The “Occupy Wall Street” protests are rapidly growing and spreading from New York to other cities in America and Canada. Vancouver will join the list with a protest scheduled for Oct. 15 at the Art Gallery.

The protests may yet fizzle out, but the news out of New York City suggests that a fire has been kindled in the hearts of many otherwise ordinary, non- political people who normally go about their lives just trying to raise families and make ends meet while quietly fuming about the machinations of those in power. Those who started the Wall Street protests and took the brunt of the initial police brutality may have been from some part of the left-of-centre spectrum, but this demographic may not hold for much longer. A resonance with this spirit of resistance seems to be spreading around the world and involving those who likely never held a protest placard in their lives.

The anger of those in the streets, and those watching at home, manifests against the financial elite and the banks who gamble with and control our lives and at governments which seem to care more for the powerful than for their own citizenry. Underlying it all is a growing sense that something is simply not right in our world, not just with the more egregious excesses of predatory capitalism, but with an entire system of finance and politics that degrades people and the natural world alike. For many, it is hard to escape the gut feeling that we are trapped in a death spiral and that if we are to pull out, it had better be damned soon.

In Europe, countries like Greece are facing an International Monetary Fund-imposed fiscal crisis and the virtual sell-off of the entire country. As the Greek parliament conspires with the IMF and the banks to cut wages and pensions, there has been a mental shift not seen for years as the notion of resistance begins to have overtones of outright rebellion.

Much of the unrest in Europe mirrors philosophically the so-called Arab Spring which has seen popular uprisings from Syria to Morocco against corrupt, despotic regimes, often those supported overtly or covertly by the United States. Even Israel, which in the face of its perceived enemies appears united, now has protest tent cities springing up to confront its own government.

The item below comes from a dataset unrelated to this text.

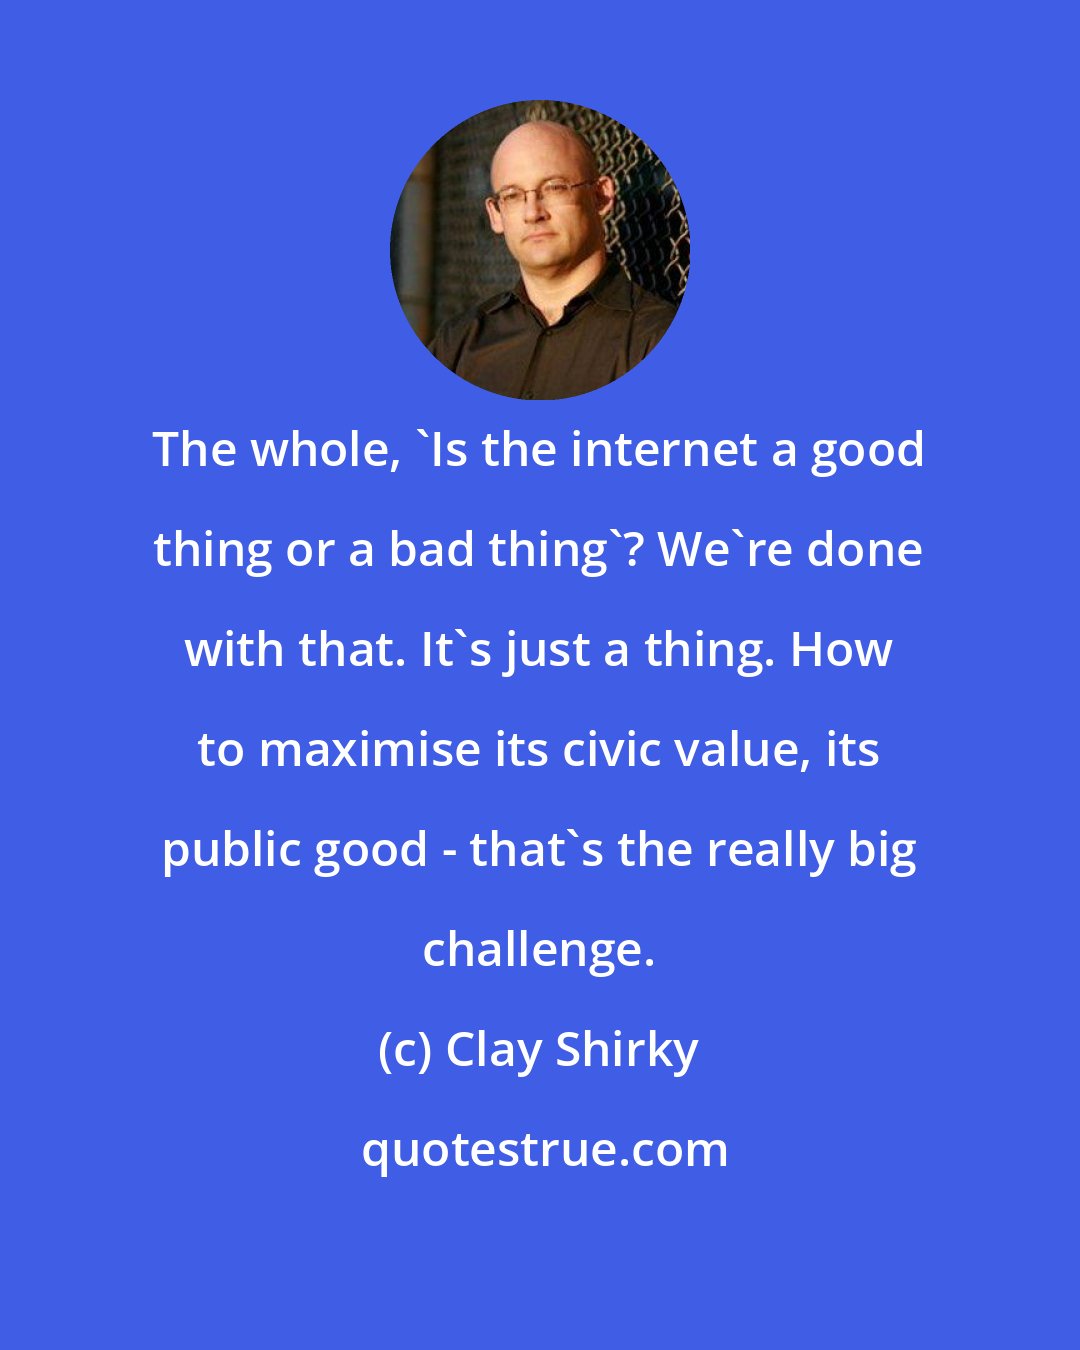 Clay Shirky: The whole, 'Is the internet a good thing or a bad thing'? We're done with that. It's just a thing. How to maximise its civic value, its public good - that's the really big challenge.

Of particular note was the armed uprising in Libya, a rebellion actively supported by our own government. Prime Minister Stephen Harper, before dispatching war planes, even noted that “you are for human rights, or you aren’t.” Leaving aside who the Libyan rebels actually are or for whom they are really fighting, the likely unintended message for the rest of us was actually pretty clear: People are justified in fighting for their rights when governments do not listen. The same people are justified in taking up arms when the same governments use the force of the state to suppress dissent. We got the memo, Mr. Harper: Rebellion, even armed rebellion, is acceptable. Here is the return Post-it note: The rules of rebellion don’t just apply to Libyans, but to anyone, anywhere, anytime an unresponsive government fails to respond to the needs of its citizens. If it’s true in Benghazi, then it’s true in Athens and New York. It’s even true in Toronto and Vancouver.

What do the “occupy” protests mean and where are they heading? At this early stage, no one can really know. Even the organizers likely don’t know, neither here in Vancouver or in New York. Maybe the protests will fizzle, as popular expressions of anger so often do. Maybe they will be co-opted by those in power as a means to gain still more power.

Or, just maybe, the protests will grow, diversify, and become even more radical in their demands. Maybe, rather than merely being about corruption and the unholy power of the banks and financial elite, the protests will inculcate the spirit of resistance to confront the very status quo, including the sometimes blithe acceptance that is somehow right for settler societies anywhere to dispossess Native peoples of their lands and rights.

Maybe, at least in Vancouver, the Occupy Vancouver protest will come to stand for the opposite of what the Steven Harpers, Christy Clarks and Gregor Robertsons hold dear and begin to transform the city into one where thousands don’t sleep in the streets, where the city is not given over to the circuses of the powerful, and where all of the people who live here have complete control of the elements of their lives.

If the latter is true, here or elsewhere, it may come at a considerable cost. Those who rule didn’t get there by being passive and are not likely to go quietly into a new social order where their power is diminished if not utterly dissolved. We can expect them to fight back, the intensity of their response in direct proportion to the level of threat they perceive. Against this power, we have the right to press our demands and resist the continuing take over of our city, our country and our world. And, if the powers that be use violence, then we have the right to use whatever ethical means necessary to protect ourselves.

It shouldn’t have to come to that, but if it does, then we are within our human rights to fight back. Mr. Harper told us so.